# DaJuan



## RSP83 (Nov 24, 2002)

to Cavs fans,

Since now you got Lebron James as the foundation of the rebuilding process, what type of role Wagner is going to play for the team. Is he still going to be given the role as a scorer, while Lebron will play Magic Johnson type of role? or "it's all about LeBron"?

Because, I think Wagner is a very exciting young player you guys have. And After Lebron came to town, it seems like all the talks are about Lebron and he's kinda left out. so, can you tell me what's your view on Wagner's future on this team. Because last year, if he's not injured he's suppose to be an All-rookie first teamer and could've shown a lot more

thanks


----------



## MJG (Jun 29, 2003)

I also feel that Wagner is being left out in a lot of people's vision of the Cavs' future. I hear a lot about James, Davis, Miles, and Boozer -- but not so much about Wagner. I too wonder what the Cavs' fans think about his position in the franchise's future.


----------



## Mongolmike (Jun 11, 2002)

*...*

my take on Wagner? He's still got a lot to prove. More so than Z maintaining his health. More so than Ricky showing he is an important cog. More so than Boozer who showed he will be a factor at starting PF.

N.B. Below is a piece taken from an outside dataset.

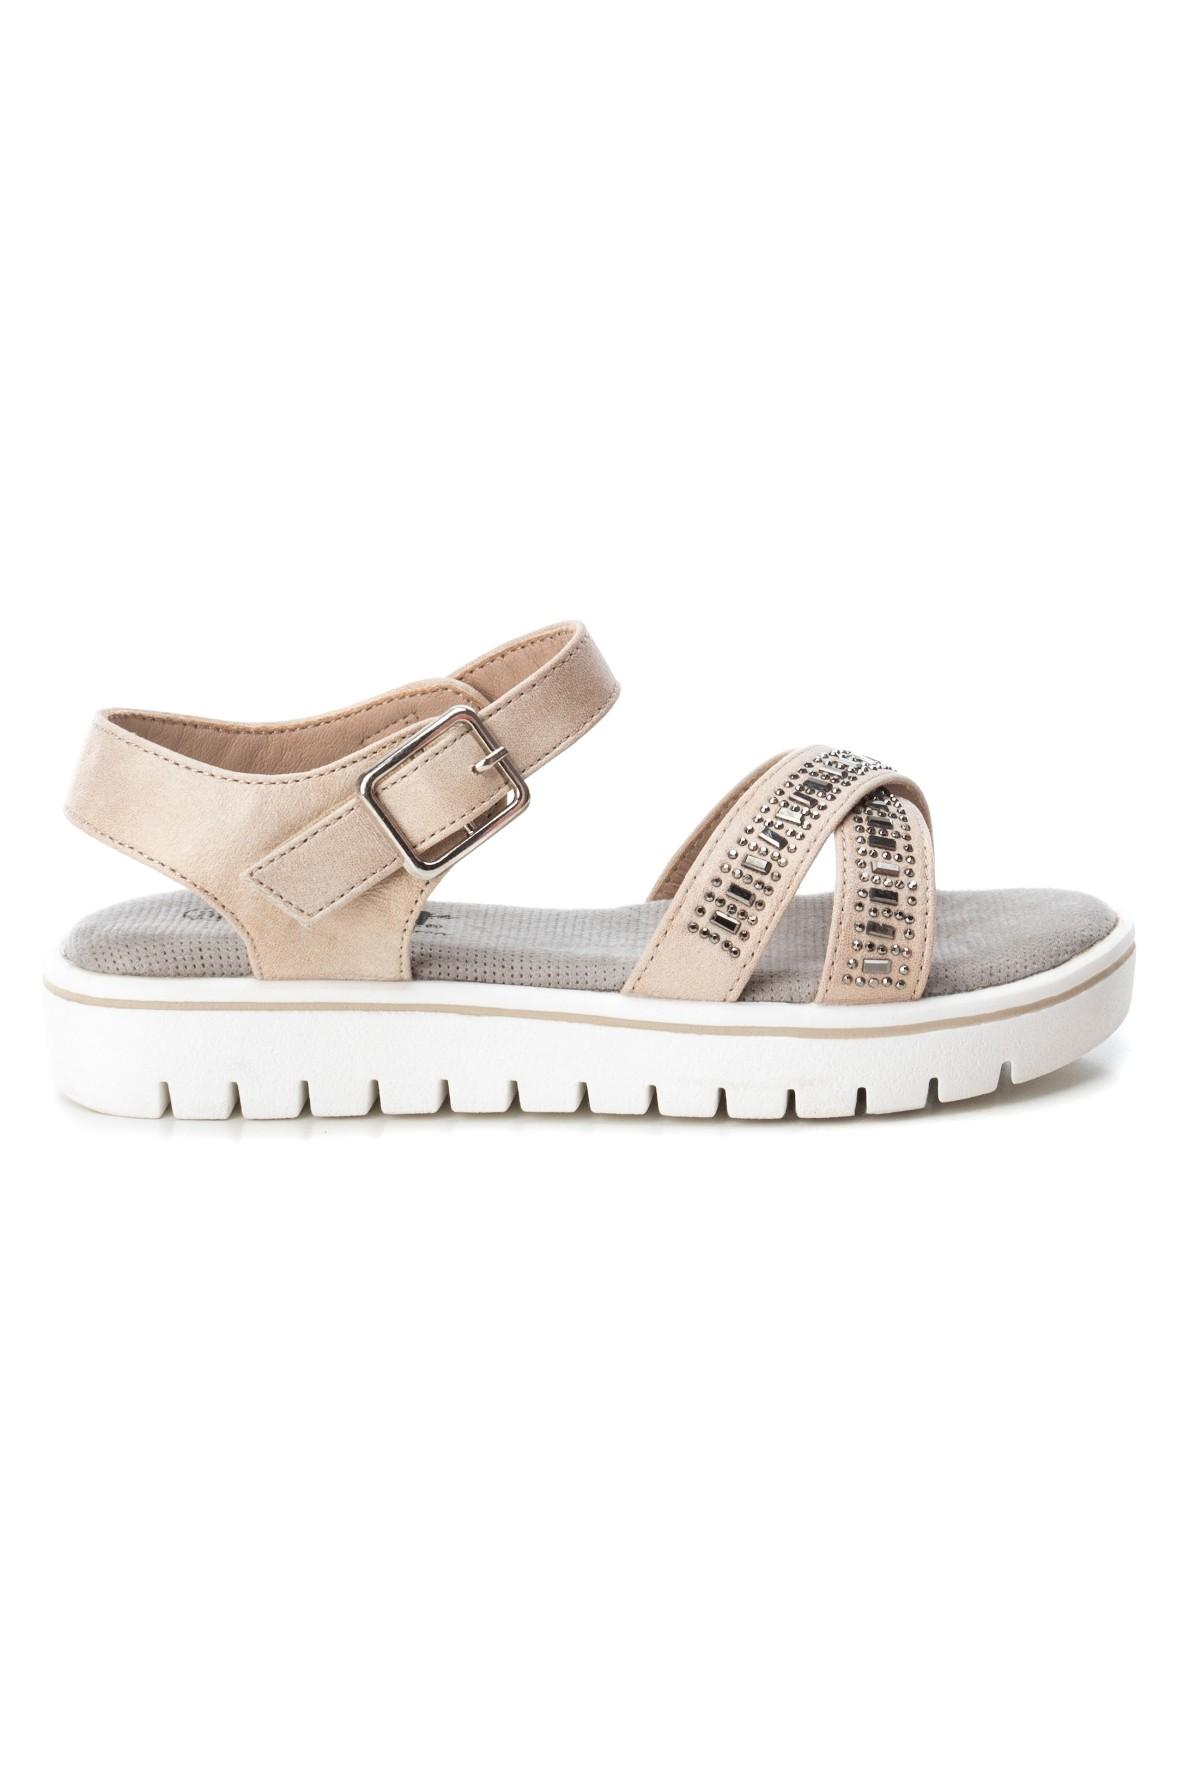 Sandały dziewczęce beżowe

Wagner got off to the late start with the bladder infection thing, but then tore it up for a few months. But he seemed to quickly either hit the wall, or he was not able to adjust to the way defenders were playing him. Before he got hurt again and sat out the rest of the season, he was not nearly as effective.

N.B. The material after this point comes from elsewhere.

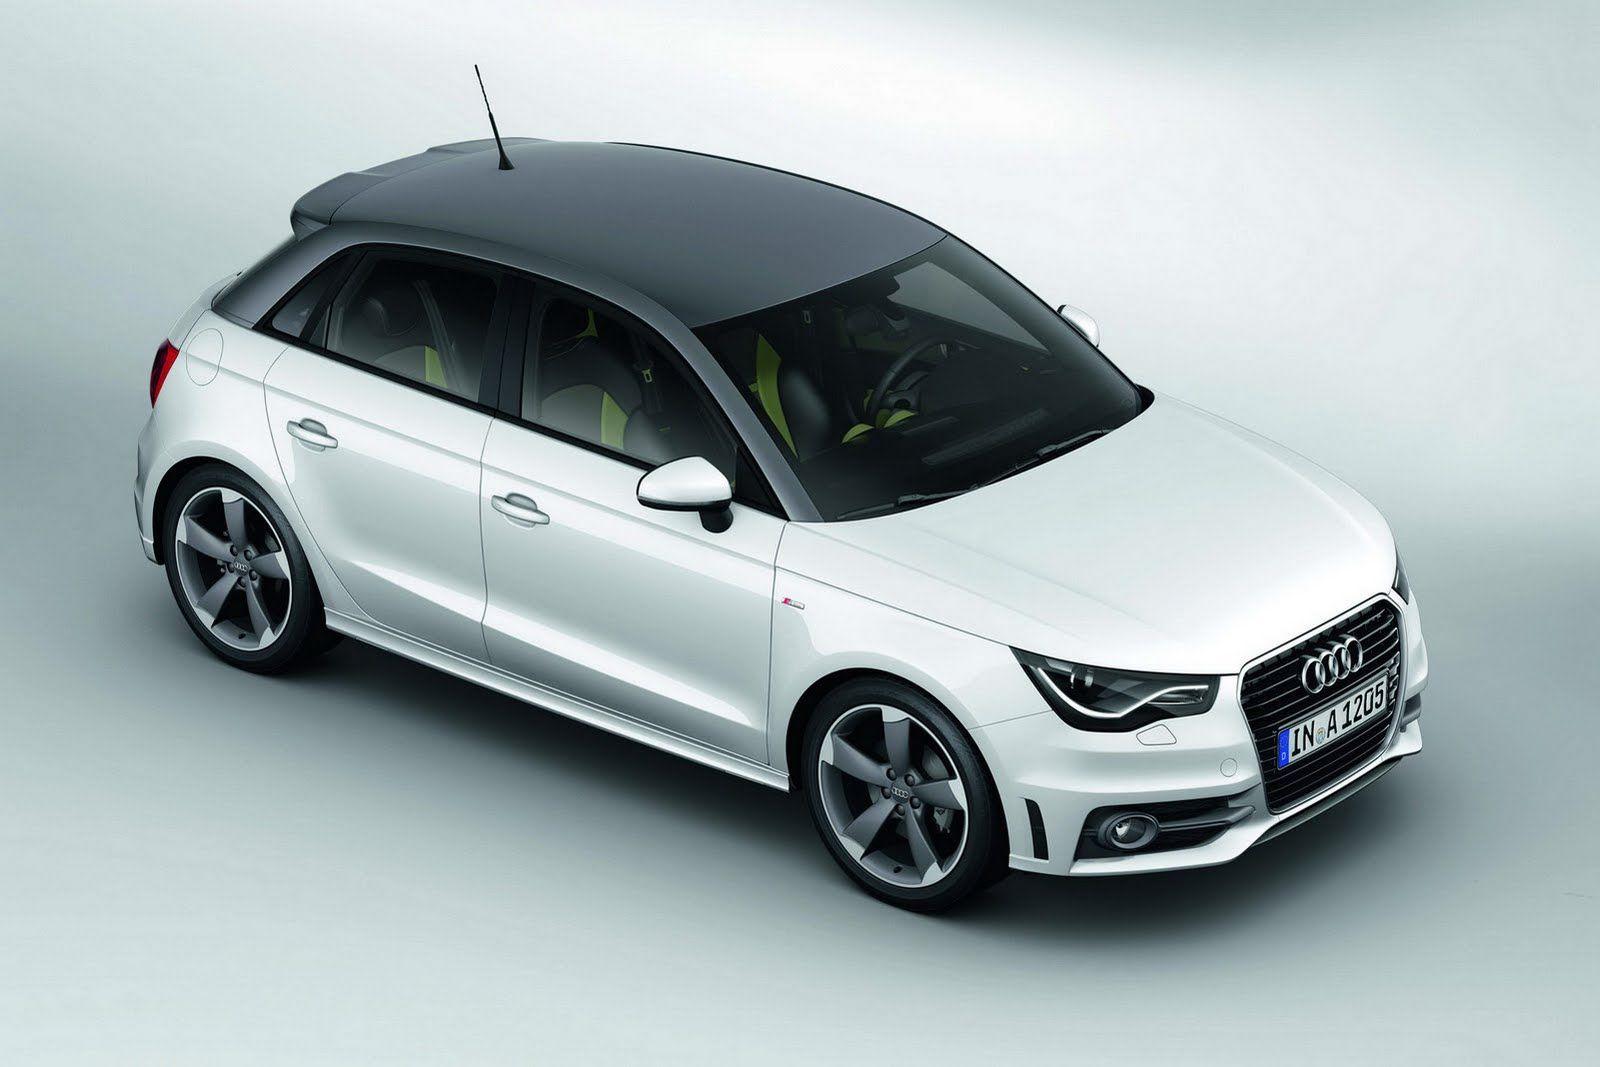 Audi A1 Blanc Audi A1 Sportback Audi A1 Audi A1 White

He did show he can hit the outside shot. He did show he could take it to the rim IF he could get by his man (and often he could not). He has a nice short pull-up jumper. He did not excel at defense. He has not managed to stay healthy, and has had some knee problems flare-up already in the summer league. He did not look comfortable at PG, nor did he seem to "grow" into the role. He seemed to know to keep his mouth shut when calls went against him.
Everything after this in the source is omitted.